Friday, October 19, 2007

The Latest in Litigation Excess

Tommy Urbanski is heading up a great big ol' fishing exhibition in Las Vegas. If you are familiar with Vegas at all you might question where this might occur. Someone's wallet of course. Tommy is suing Strip Club Owners, a football player and the NFL.

Urbanski was shot by an unknown assailant and left paralyzed at a strip club that revolved around a clusterfuck mob scene that occurred when Tennessee Titans player Pacman Jones threw a boat load of money onto a stage at the strip club then decided he didn't want them to have it. Threats were made, shots fired and hell broke lose.
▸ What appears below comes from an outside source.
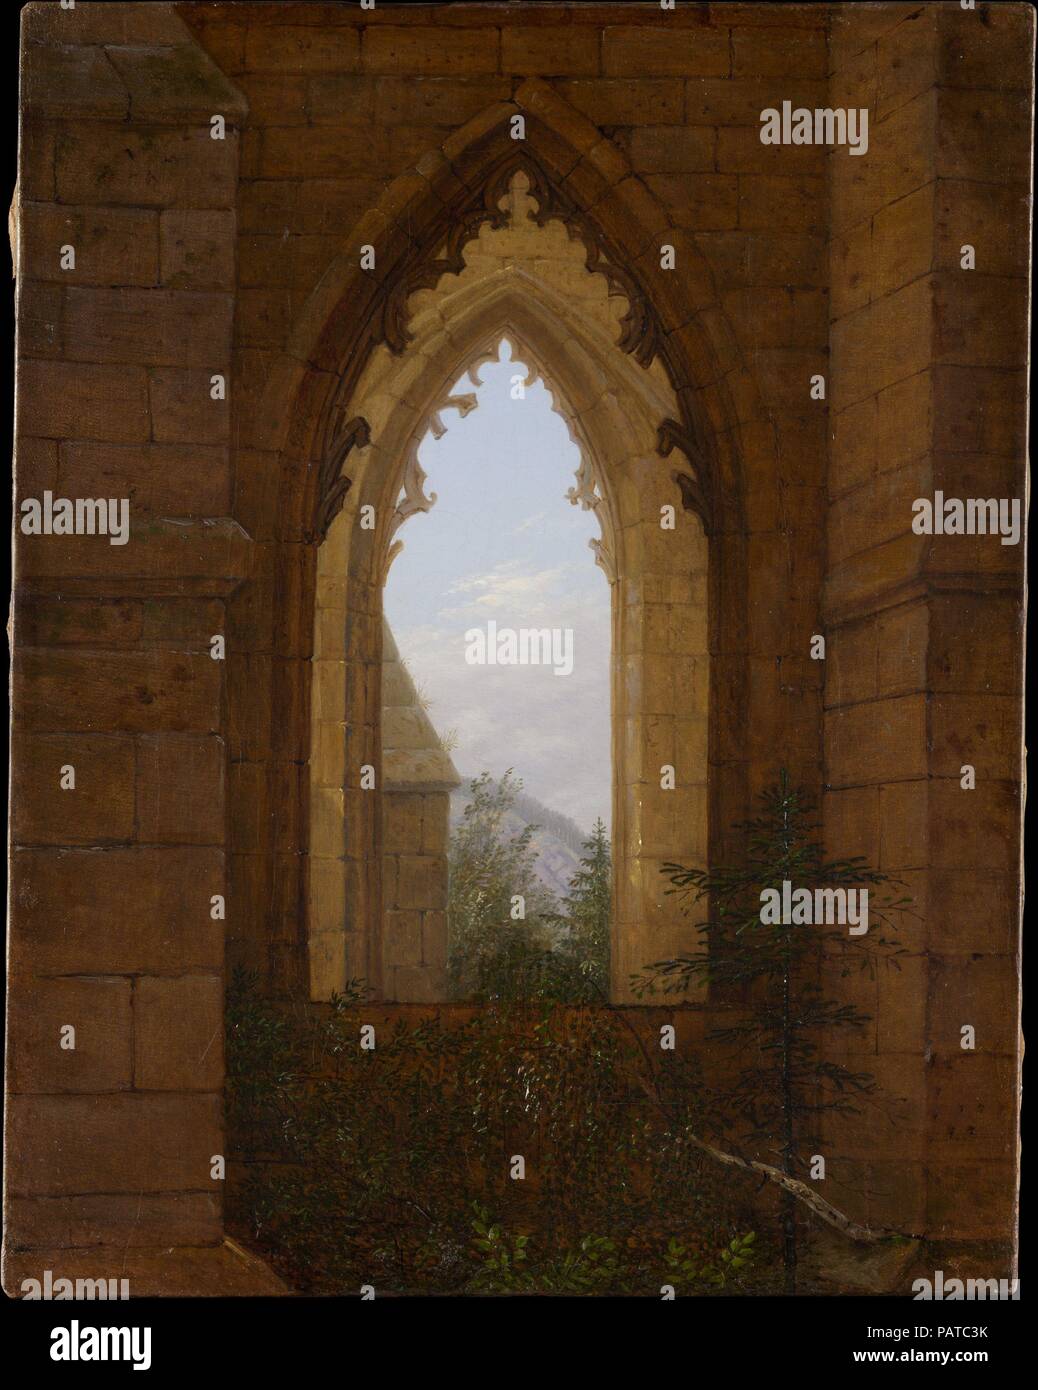 Gothic Windows in the Ruins of the Monastery at Oybin. Artist: Carl Gustav Carus (German, Leipzig 1789-1869 Dresden). Dimensions: 17 x 13 1/4 in. (43.2 x 33.7 cm)  Frame: 21 3/4 x 17 7/8 x 2 1/4 in. (55.2 x 45.4 x 5.7 cm). Date: ca. 1828.  This church, with its fine Gothic tracery, was founded in 1369, deserted in 1546, and later embraced as a motif by German Romantic artists. Carus visited in August 1820, making a drawing (Staatliche Kunstsammlungen Dresden) that served as a study for the painting. It depicts a vista through two windows--one on either side of the ruined choir--toward a pale m Stock Photo

While I sympathize with Urbanski being shot and figure he probably has a legitimate shot at going after Jones since it was his entourage that seemed to kick things off, the idea that the NFL was involved is just obscenely stupid. His attorney asserts that The NFL should have had already disciplined Jones since he had been arrested 6 times before for various infractions. The theory is that he would not have been invited to this party as "NFL Player" Pacman Jones.

Talk about taking the shotgun approach. Let's blast away at anything remotely connected. It is not the NFL's responsibility to monitor someone's behavior. They do so of course but out of a business decision, not from public safety standpoint. That would be the local law enforcement's job. But then again, the NFL has deeper pockets so Urbanski and his lawyer would rather commit legal douchebaggery in hopes of a settlement. The NFL is a big target but not a good selection.

A lot of frivolous lawsuits are from people who are victims of their own stupidity and try to blame others. This time there is a real victim and there is someone who should pay but it isn't the NFL.

1 Comments:

At 10:58 AM, Blogger Lydia said...

I feel badly for the guy. Horrible situation to be stuck in and an awful end result for him. But I agree that going after the NFL seems to be a pointless exercise here.

I always wonder with these kinds of lawsuits whether the motivation is for people to try and attach blame wherever possible, or they feel they're owed and want compensation from whoever, or how much it's the lawyer encouraging them to pursue the outside chance.